Ohio high court ruling on speed cameras correct
We are pleased to see the Ohio Supreme Court taking a position that goes against the use of traffic cameras — or at least against using the cameras to generate significant additional revenue.
The court last month determined a law that reduces state funding to municipalities that use speed camera enforcement is constitutional.
In doing so, the high court reversed an appellate court’s judgment in a case filed by the Cleveland-area municipalities of East Cleveland and Newburgh Heights. They had challenged the constitutionality of an Ohio law that allows the state to reduce its local government fund distributions to municipalities that use automated traffic cameras.
The 2019 law allows the state to reduce local government allocations by the same amount that communities collect in fines from the use of automated traffic cameras. However, the two Cuyahoga County municipalities claimed the law violates home rule protections granted to them under the Ohio Constitution.
The Ohio Supreme Court disagreed. It determined Ohio’s constitution, in fact, does not require Ohio’s General Assembly to give municipalities a set amount of funds — or any funds at all — and Ohio communities have no specific rights to local government money. At the end of the day, Ohio’s Legislature has the authority to establish priorities and decide how much funding to give to local cities, the court decision says.
It also ruled the funding law does not violate home rule authority because it does not prohibit municipalities from enforcing their traffic laws with cameras, if they so choose.
Youngstown’s police department, for instance, had used hand-held speed cameras almost exclusively on Interstate 680 between South Avenue and Meridian Road, from August 2015 until November 2019. Girard, Weathersfield and Liberty also use speed camera enforcement.
Youngstown discontinued the program after the state Legislature passed the bill reducing a municipality’s local government fund money by the amount it received from the hand-held cameras for speeding and going through red lights.
That decision came based on the law passed in Columbus by lawmakers hoping to discourage the police practice, which generates vast amounts of money.

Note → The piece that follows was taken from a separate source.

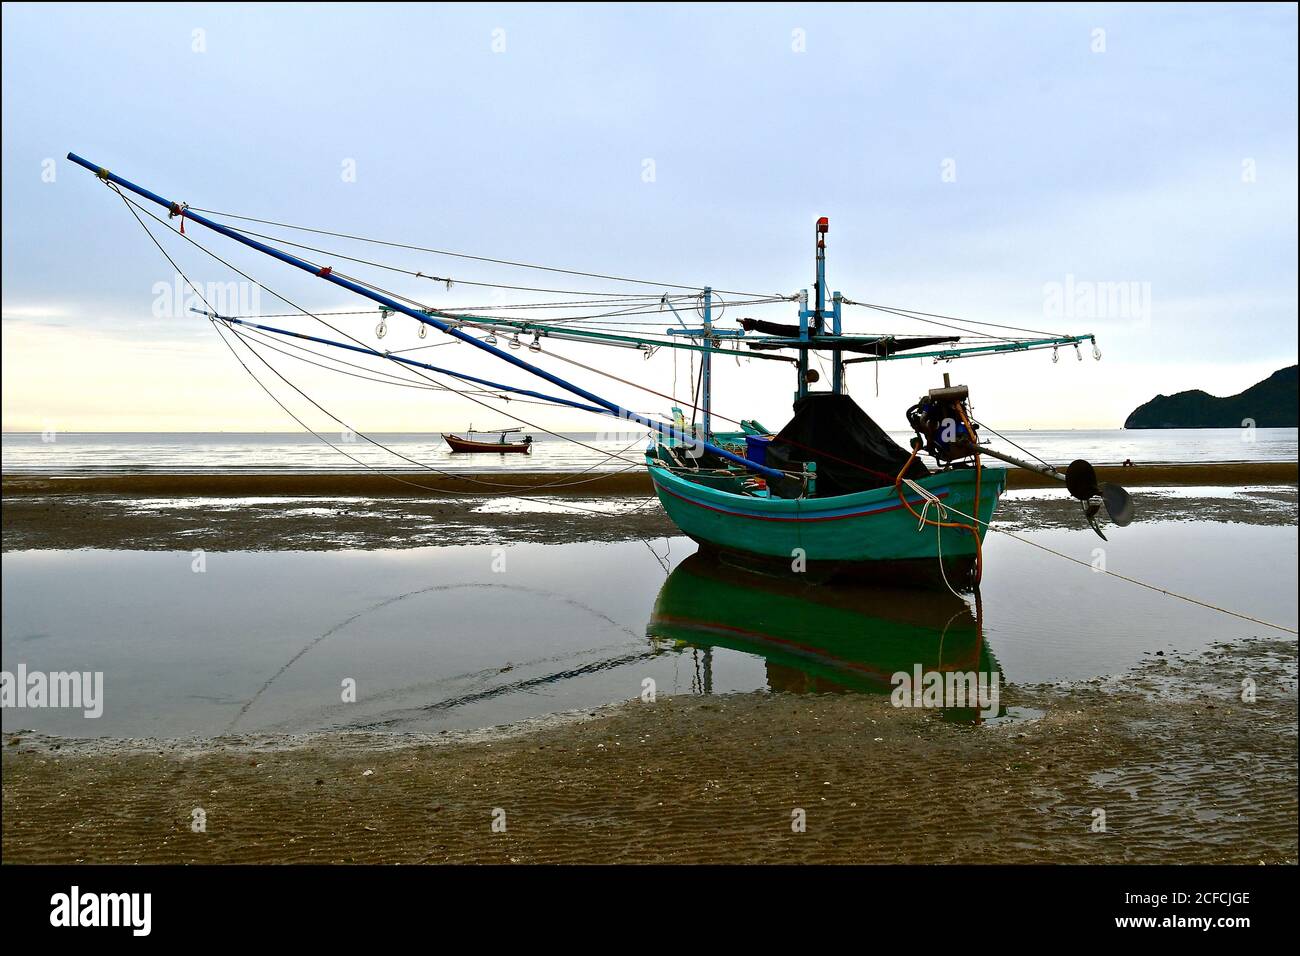 Un bateau de pêche asiatique traditionnel en bois avec grillage amarré à marée basse, il y a un miroir dans l'eau calme. Banque D'Images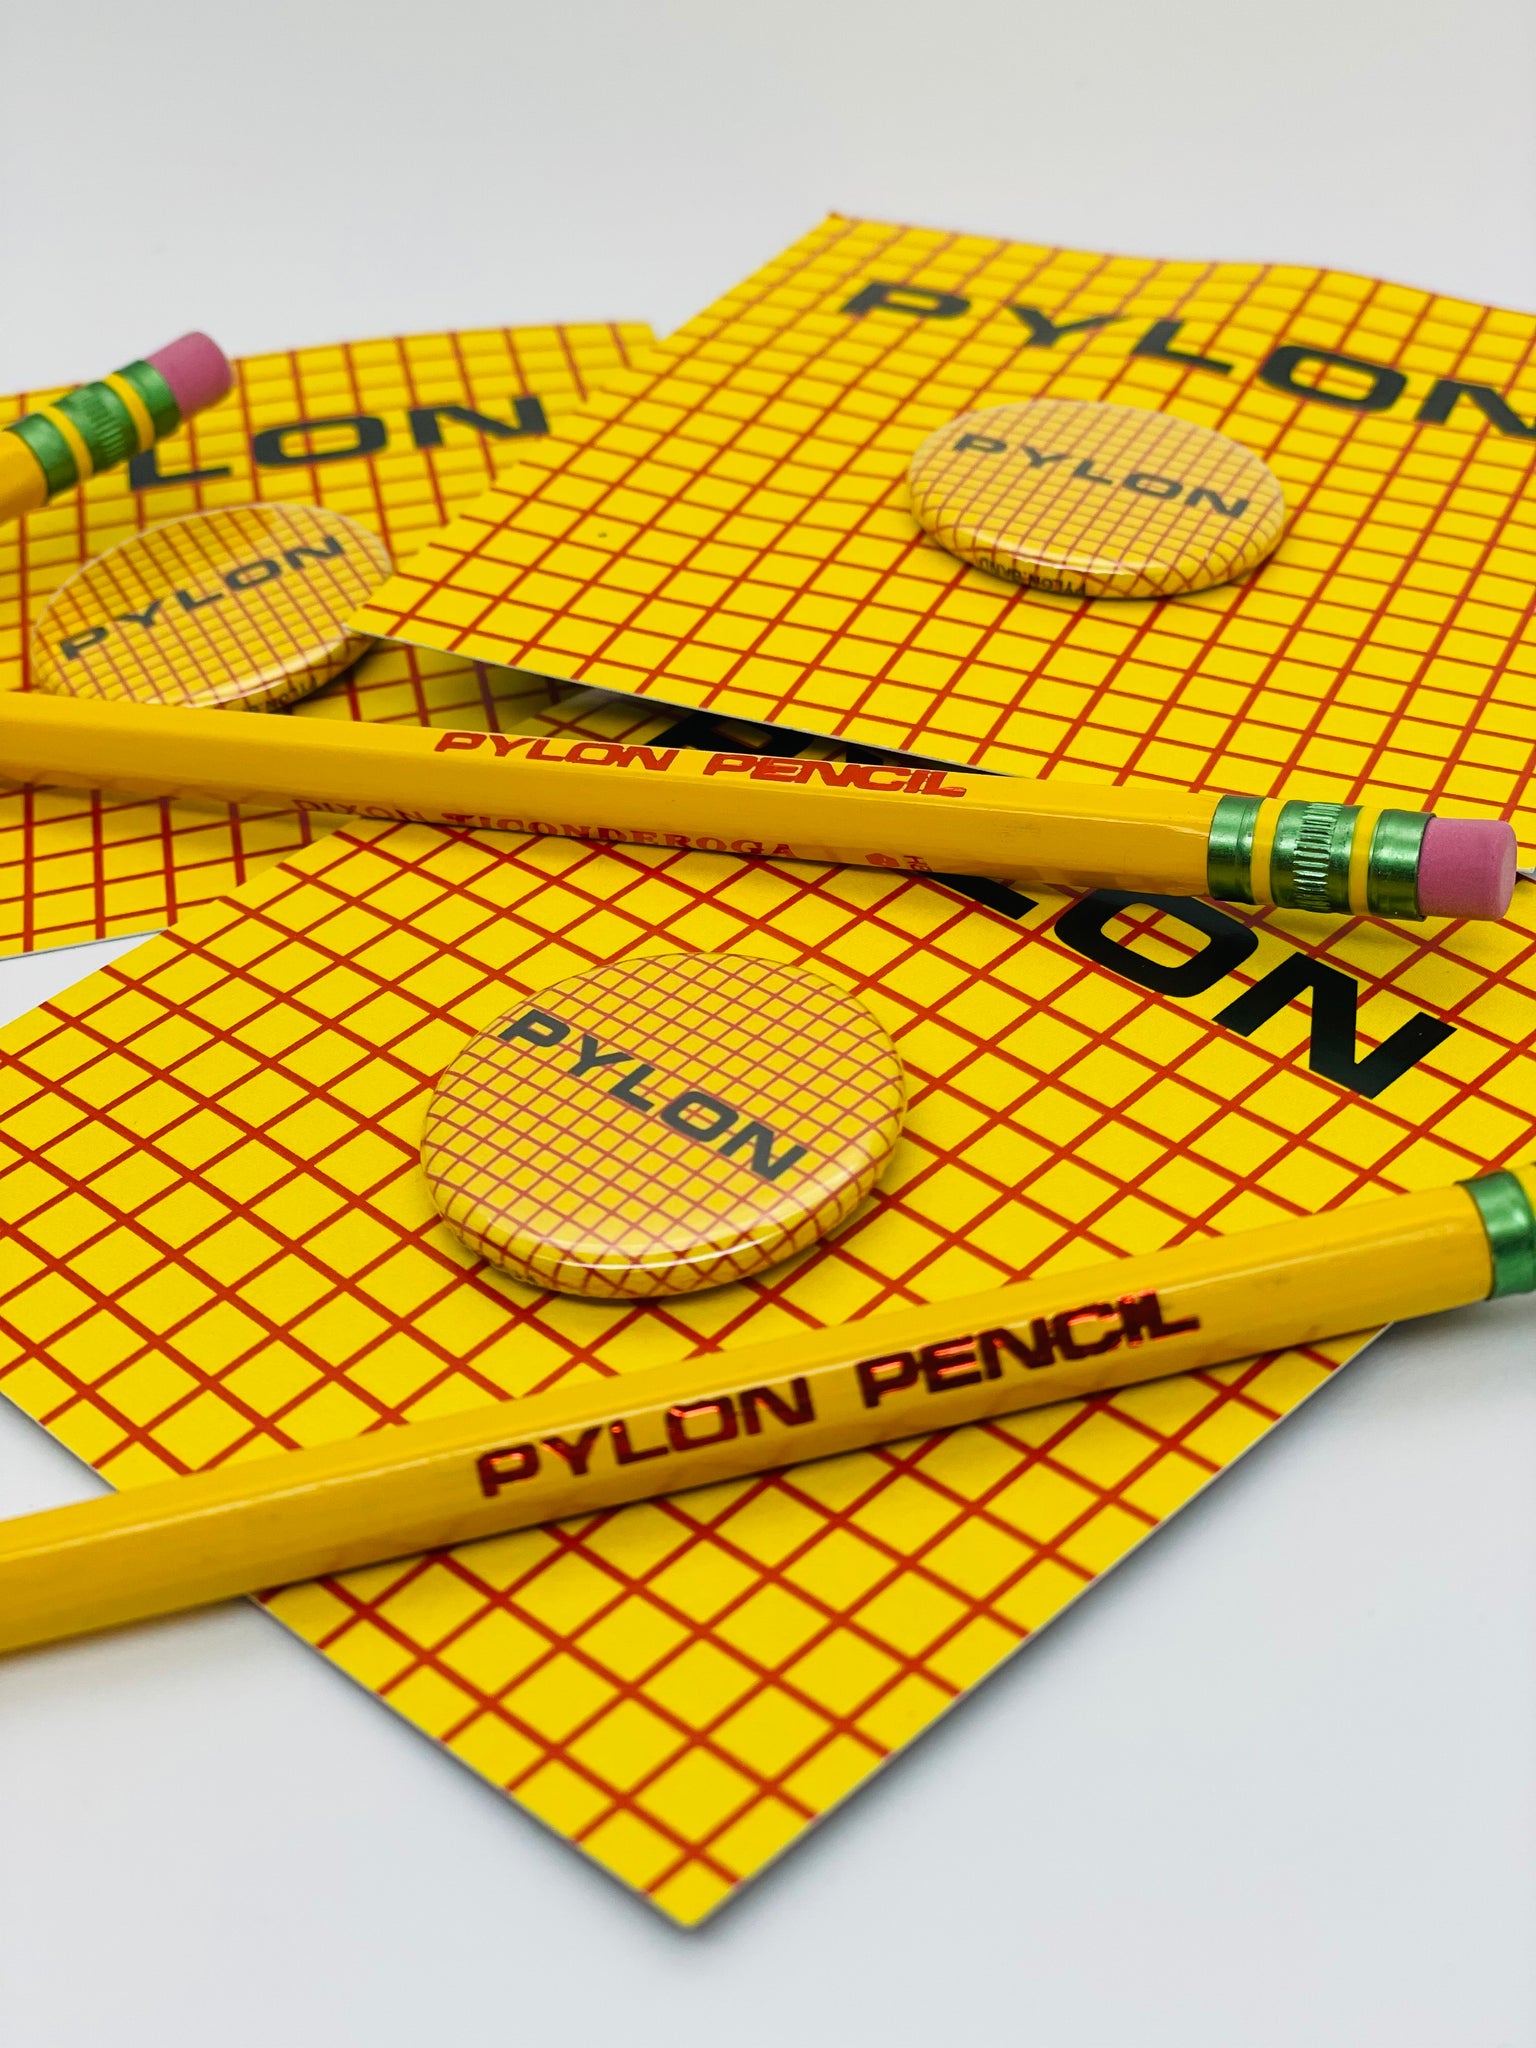 Pylon Button & Pencil Pack

Youngstown received about $2.2 million in speed-camera money in 2019, compared to about $1.7 in local government funds. The city ended the program because the speed-camera money was exclusively for police equipment purchases and to pay for officers on that duty, who did so on overtime at time-and-a-half. Local government fund money instead goes into the city’s general fund.
In the court’s decision, Justice Sharon Kennedy wrote: “The spending setoff may disincentivize municipalities from adopting or continuing to use traffic cameras, but it does not forbid what municipal law permits any more than the creation of a financial incentive to adopt the use of traffic cameras would require a municipality to do what its own laws proscribe.”
This newspaper consistently has argued the practice is little more than policing for profit and goes against the true reason for law enforcement — to serve and protect.
Our Legislature and now the court, in essence, have agreed. Communities have the option of whether to continue use of the cameras, but the law and the court ruling does what it can to balance the revenue with an equal loss in local government funds.
It should be noted that under the 2019 law, however, an exemption exists in the local government funds deduction for camera use in a school zone. Money collected from school-zone speeders may be used only for school safety resources.
We disagree, and maintain our argument that revenue generated from speed cameras used everywhere — including in school zones — should be subtracted from local government funds.
Youngstown recently adopted a plan to place unmanned speed cameras in school zones. Other communities also have considered the school-zone speed cameras. In Youngstown, contractor Blue Line Solutions of Tennessee will receive 35 percent of the fines generated by local people driving at least 11 mph over the speed limit in school zones.
It’s true that no one should speed in school zones. Still, we believe officers patrolling school zones would be a much more effective method of slowing speeders and make an immediate safety impact rather than generating funds from unsuspecting motorists caught speeding on camera. Those speeders won’t slow down until the ticket arrives in the mail some two weeks later. How does that help improve safety for our students?
At the end of the day, policing for profit is wrong, and the Supreme Court was right to maintain their position.